19. ELECTRONIC DELIVERY OF DOCUMENTS. By signing this Agreement, the Awardee (i) consents to the electronic delivery of this Agreement,
all information with respect to the Plan and the RSUs, and any reports of the Company provided generally to the Company’s stockholders; (ii) acknowledges
that the Awardee may receive from the Company a paper copy of any documents delivered electronically at no cost to the Awardee by contacting the Company
by telephone or in writing; (iii) further acknowledges that the Awardee may revoke the Awardee’s consent to the electronic delivery of documents at any time by
notifying the Company of such revoked consent by telephone, postal service or electronic mail; and (iv) further acknowledges that the Awardee understands
that the Awardee is not required to consent to electronic delivery of documents.
20. MISCELLANEOUS.
(a) This writing constitutes the entire agreement of the parties with respect to the subject matter hereof and may not be modified or amended except by a
written agreement signed by Awardee and the Company, other than as provided in paragraph (g) below. Anything in this Agreement to the contrary
notwithstanding, any modification or amendment of this Agreement by a written agreement signed by, or binding upon, Awardee shall be valid and binding
upon any and all persons or entities who may, at any time, have or claim any rights under or pursuant to this Agreement (including all Awardees hereunder) in
respect of the Award granted to the Awardee.
(b) No waiver of any breach or default hereunder shall be considered valid unless in writing and no such waiver shall be deemed a waiver of any
subsequent breach or default of the same or similar nature. Anything in this Agreement to the contrary notwithstanding, any waiver, consent or other
instrument under or pursuant to this Agreement signed by, or binding upon, Awardee shall be valid and binding upon any and all persons or entities (other
than the Company) who may, at any time, have or claim any rights under or pursuant to this Agreement (including all Awardees hereunder) in respect of the
Award originally granted to Awardee.
(c) Except as otherwise expressly provided herein, this Agreement shall be binding upon and inure to the benefit of the Company, its successors and
assigns, and Awardee and his heirs, personal representatives, successors and assigns; provided, however, that nothing contained herein shall be construed as
granting Awardee the right to transfer any of his Award except in accordance with this Agreement. If the Award is settled upon the death of the Awardee, the
Award shall be considered transferred to the person or persons (the “Heir”) to whom Awardee’s rights under the Award passed by will or by the applicable laws
of descent and distribution, as to all shares of Stock granted under this Award. It shall be the responsibility of the Heir to notify the Company of any changes
in address.
(d) If any provision of this Agreement shall be invalid or unenforceable, such invalidity or unenforceability shall attach only to such provision and
shall not in any manner affect or render invalid or unenforceable any other severable provision of this Agreement, and this Agreement shall be carried out as if
any such invalid or unenforceable provision were not contained herein.

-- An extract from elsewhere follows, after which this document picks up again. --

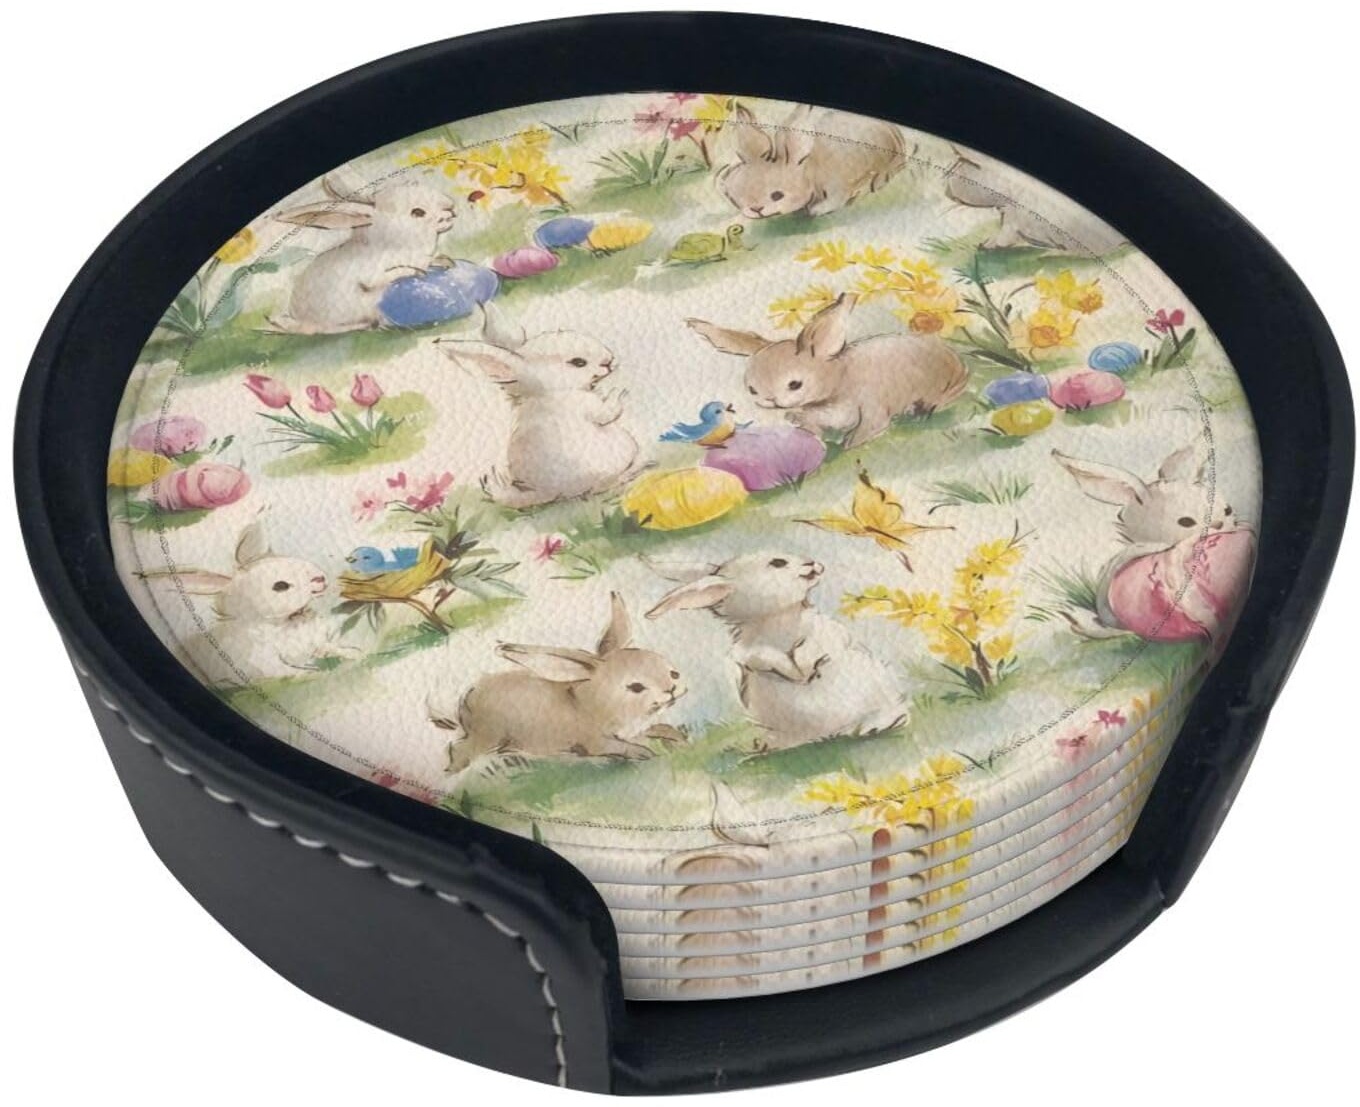 Vintage Flower Rabbit Bunny Easter Absorbent Coasters for Drinks with Holder, Leather Coasters Set of 6, Round Coasters for Coffee Table Desktop Home Decor

(e) The section headings contained herein are for the purposes of convenience only and are not intended to define or limit the contents of said sections.
(f) Each party hereto shall cooperate and shall take such further action and shall execute and deliver such further documents as may be reasonably
requested by any other party in order to carry out the provisions and purposes of this Agreement.